In a nutshell: one thread is waiting for the flag to become ready while another thread will set the flag and issue the notification. The catch, however, is that the atomic_flag lives on the stack and will be destroyed after the notification, while the first thread may still be in the call to wait.
Basically, I have something equivalent to the following snippet:
#include <atomic>
#include <thread>
int main(int, char**)
{
auto t = std::thread{};
{
auto f = std::atomic_flag{};
t = std::thread{[&f] { f.wait(false); }};
// Ensures that 't' is waiting on 'f' (not 100% guarantee, but you get the point)
std::this_thread::sleep_for(std::chrono::milliseconds{50});
f.test_and_set();
f.notify_all();
} // <--- 'f' is destroyed here but 't' may still be in the wait call
t.join();
return 0;
}
In the past, I have used boost::latch for situations like this and I know from experience that this pattern will nearly always crash or assert. However, replacing boost::latch with std::atomic_flag has not resulted in any crashes, asserts, or deadlocks.

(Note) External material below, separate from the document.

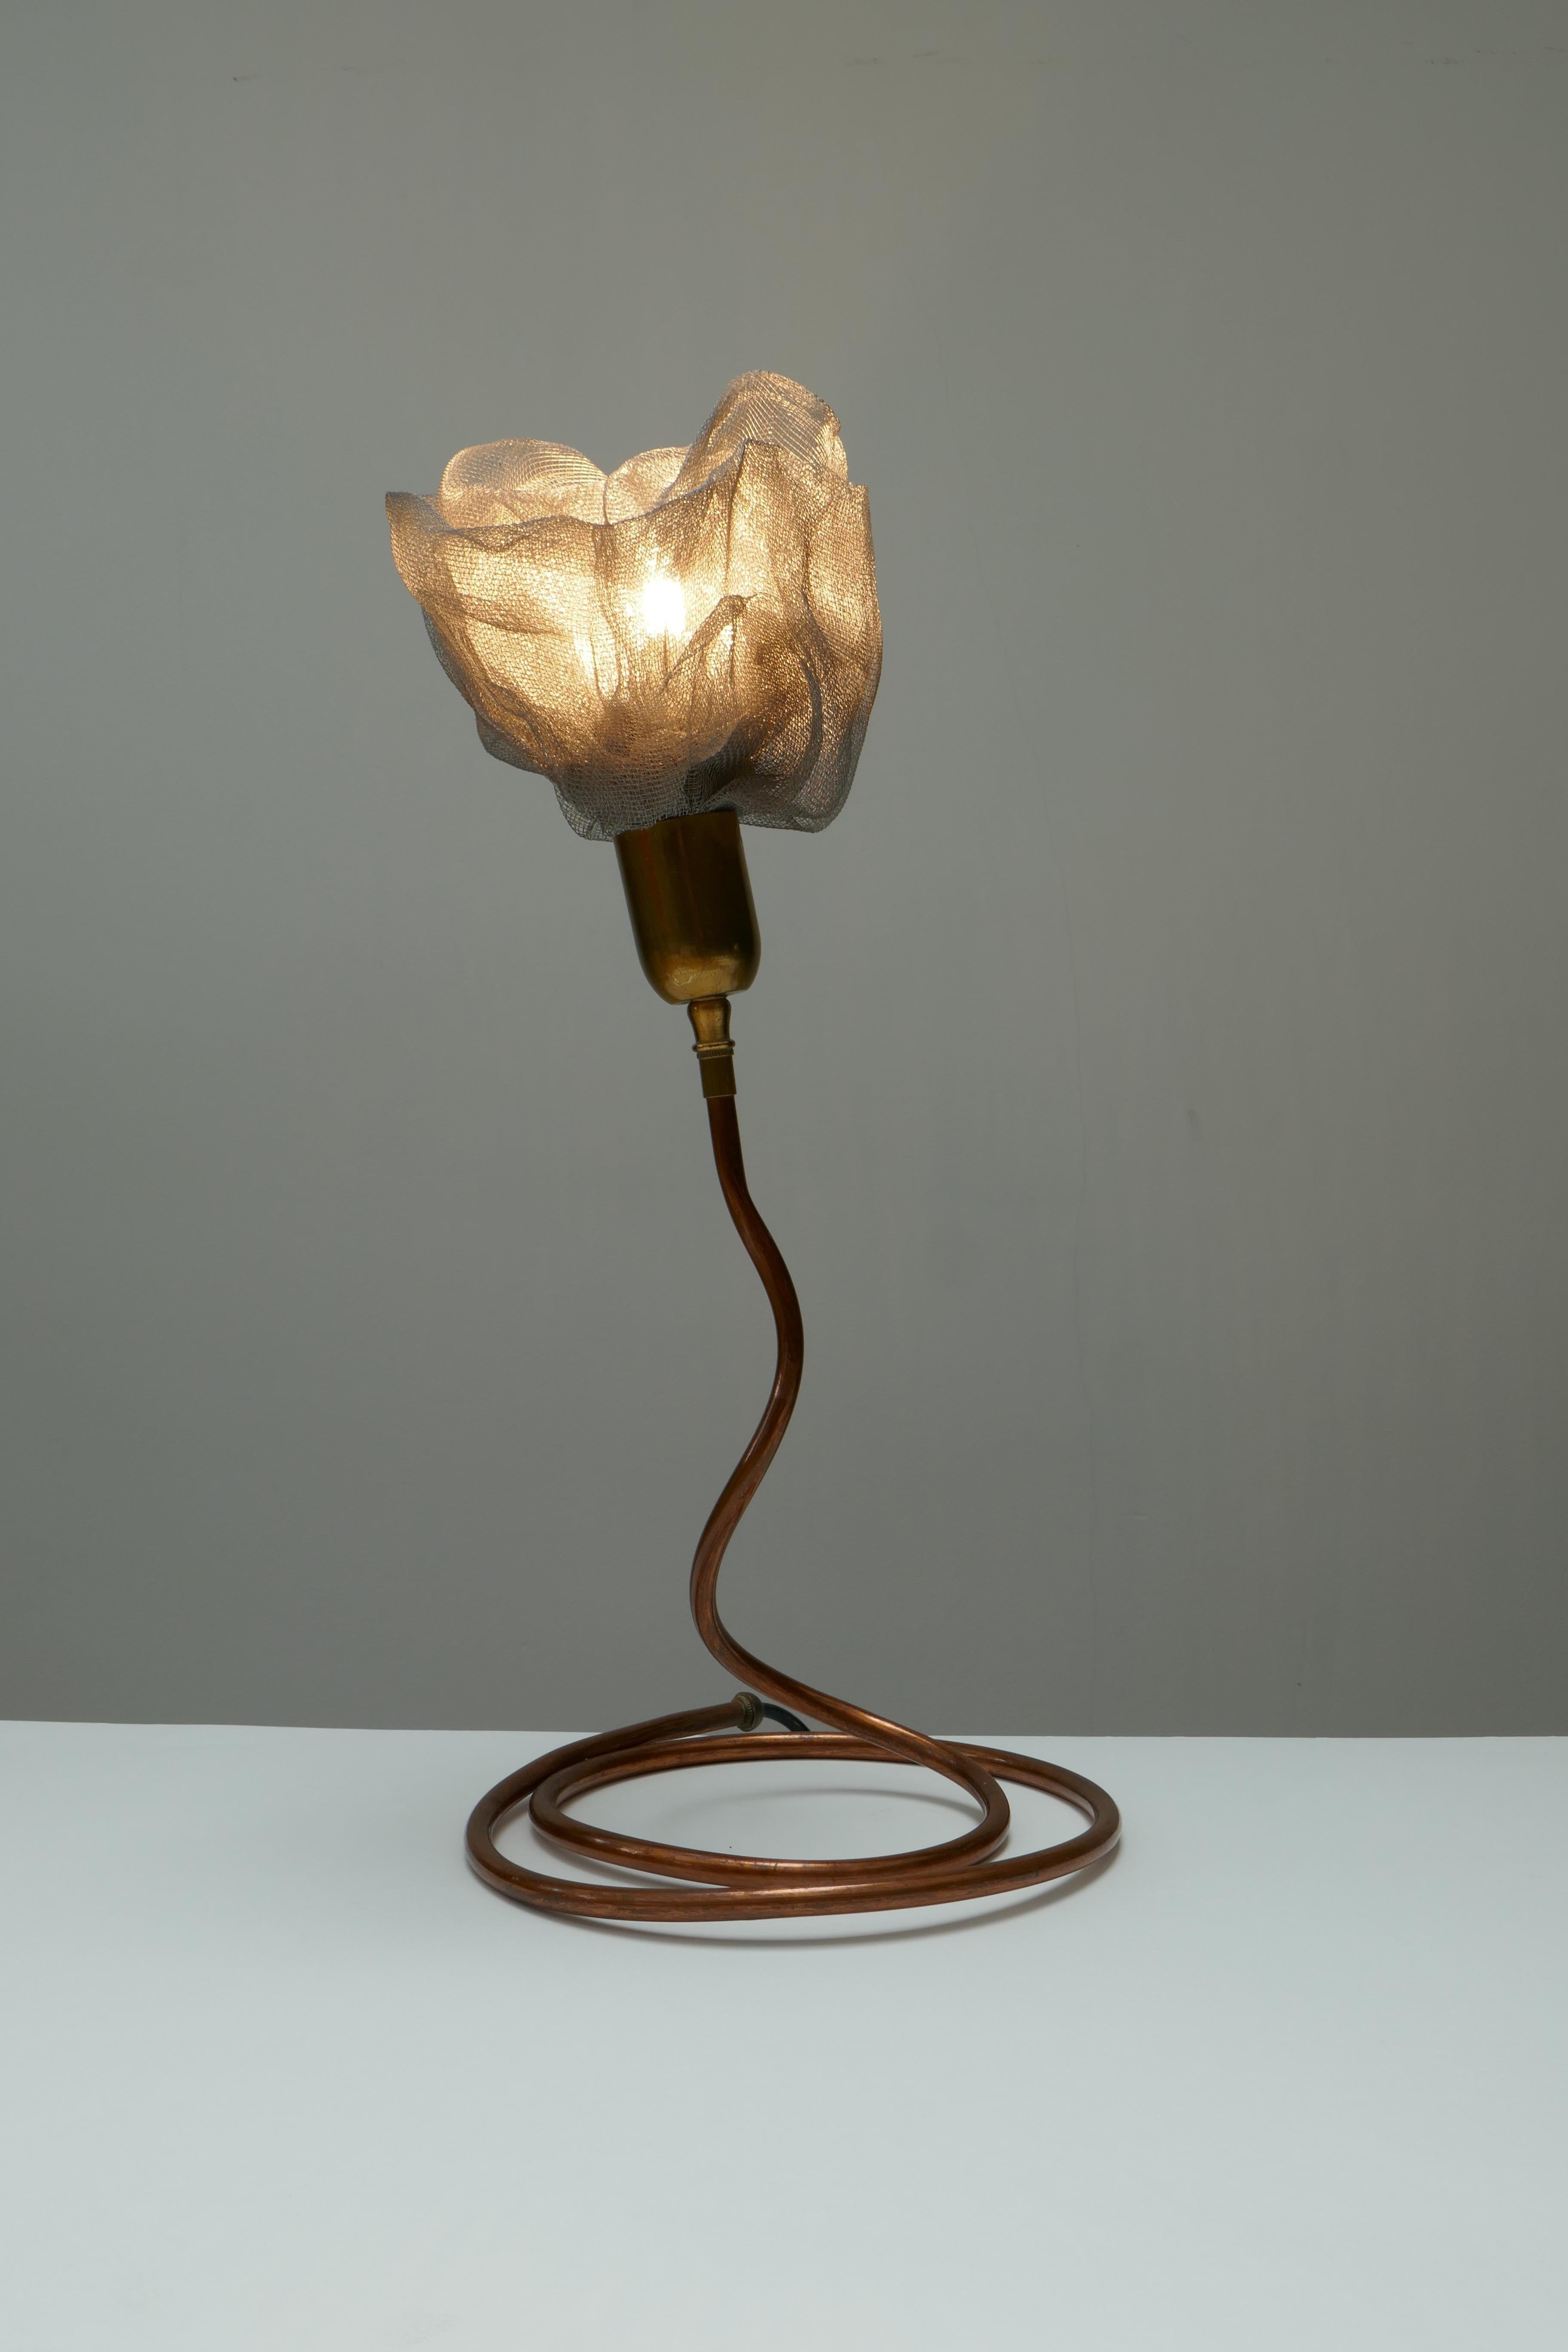 Metal Woven Mesh Flower Table Lamp with Brass & Copper Serpent Base, Italy 1970s For Sale 2

My question: is it safe to destroy a std::atomic_flag after a call to notify_all (i.e. with waking threads potentially still in the wait method)?

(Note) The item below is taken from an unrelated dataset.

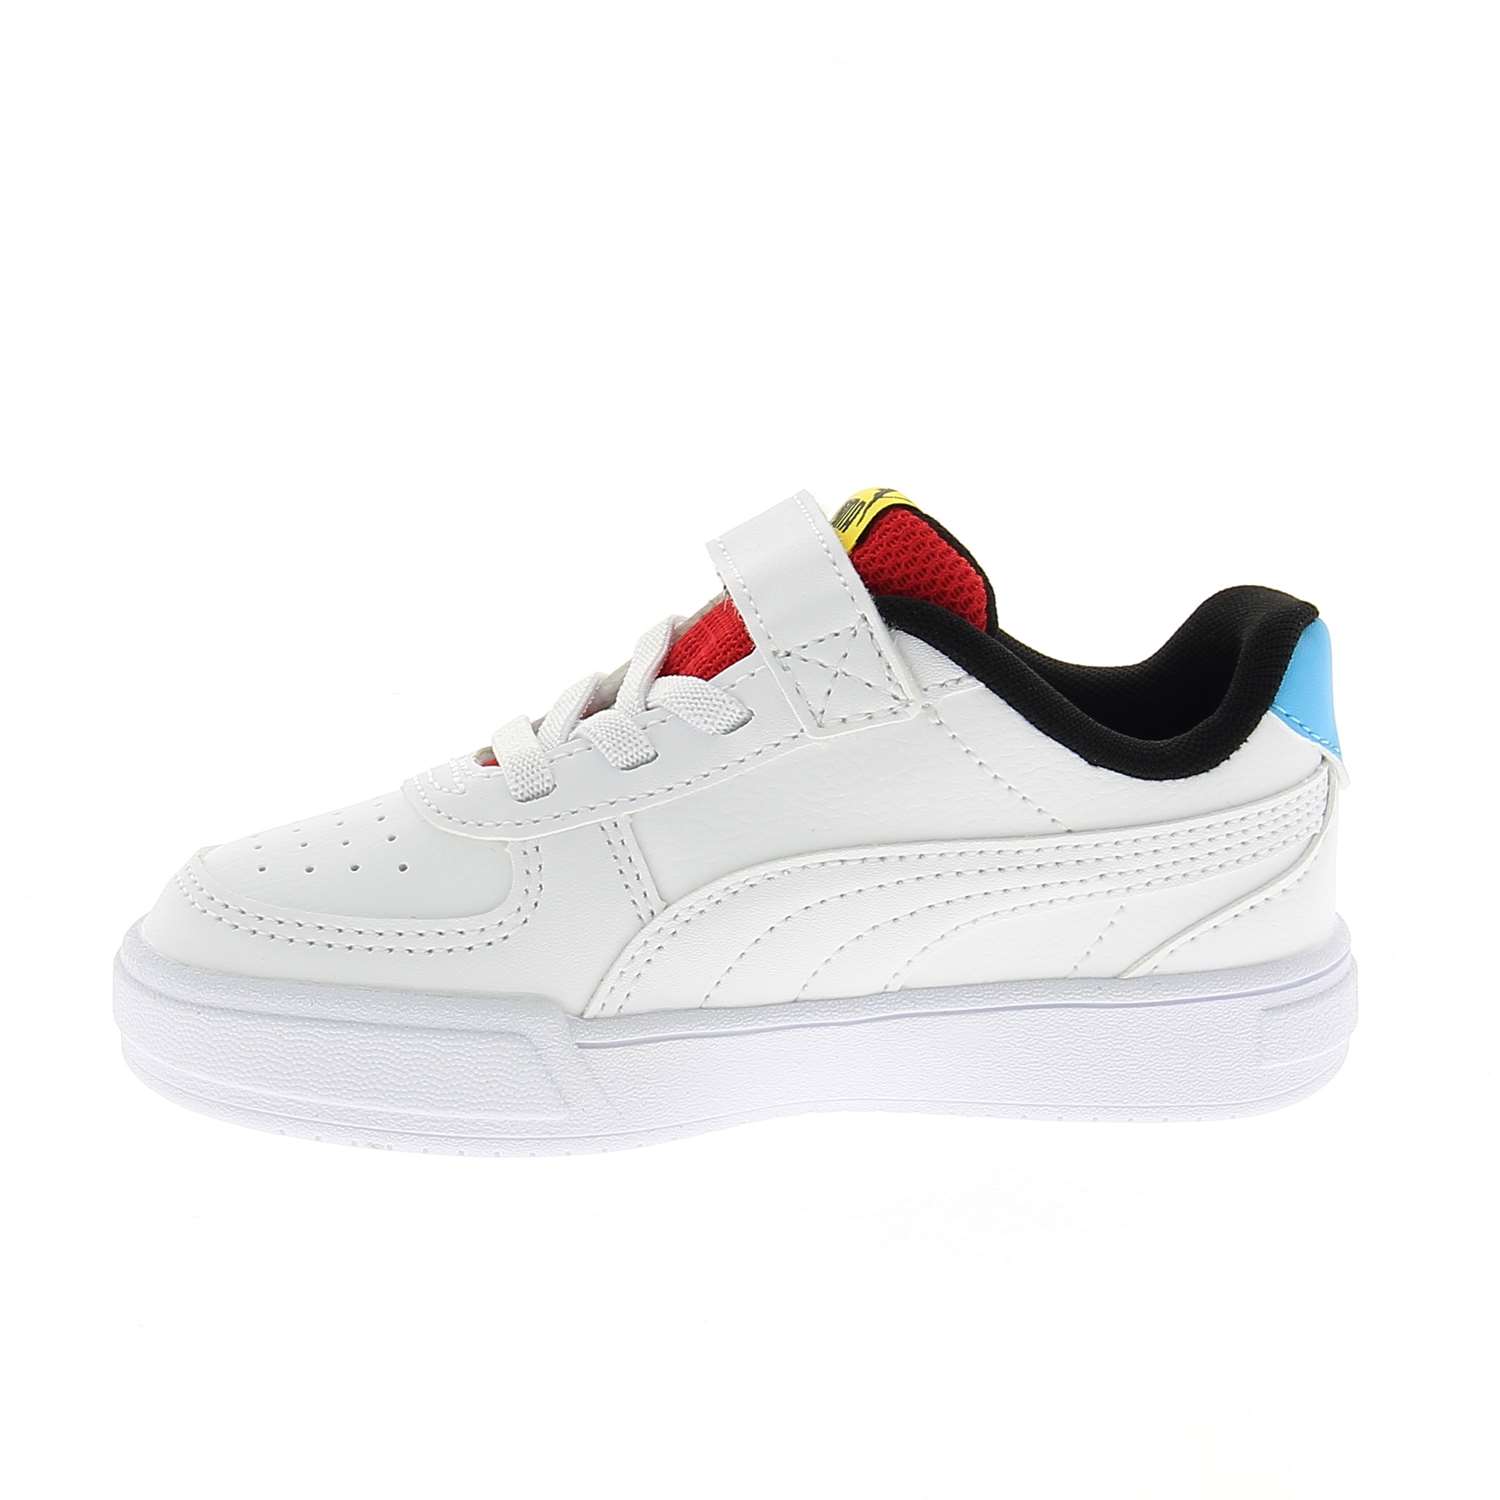 05 - CAVEN BRAND LOVE AC INF - PUMA - Baskets - Synthétique

CodePudding user response:
No, it is not safe.
From the standard
In the standard ([atomics.flag]), the effects of atomic_flag_wait are described as follows:
Effects: Repeatedly performs the following steps, in order:
- Evaluates
flag->test(order) != old.- If the result of that evaluation is
true, returns.- Blocks until it is unblocked by an atomic notifying operation or is unblocked spuriously.
This implies that, after unblocking, the std::atomic_flag is accessed to read the new value. And thus, it is a race with destructing the atomic flag from the other thread.
In practice
Probably, the code snippet works fine because the destructor of std::atomic_flag is trivial. So the memory is left intact on the stack and the waiting thread can still continue to use those bytes as if they were the atomic flag.
By modifying the code a bit to explicitly zero the memory where the std::atomic_flag lived, the snippet now deadlocks (at least on my system).
#include <atomic>
#include <cstddef>
#include <cstring>
#include <thread>
int main(int, char**)
{
auto t = std::thread{};
// Some memory to construct the std::atomic_flag in
std::byte memory[sizeof(std::atomic_flag)];
{
auto f = new (reinterpret_cast<std::atomic_flag *>(&memory)) std::atomic_flag{};
t = std::thread{[&f] { f->wait(false); }};
std::this_thread::sleep_for(std::chrono::milliseconds{50});
f->test_and_set();
f->notify_all();
f->~atomic_flag(); // Trivial, but it doesn't hurt
// Set the memory where the std::atomic_flag lives to all zeroes
std::memset(&memory, 0, sizeof(std::atomic_flag));
}
t.join();
return 0;
}
Which will deadlock the waiting thread if it happens to read the atomic flag's value after the memory has been set to all zeroes (probably because it now interprets those zeroes as 'false' for the atomic flag's value).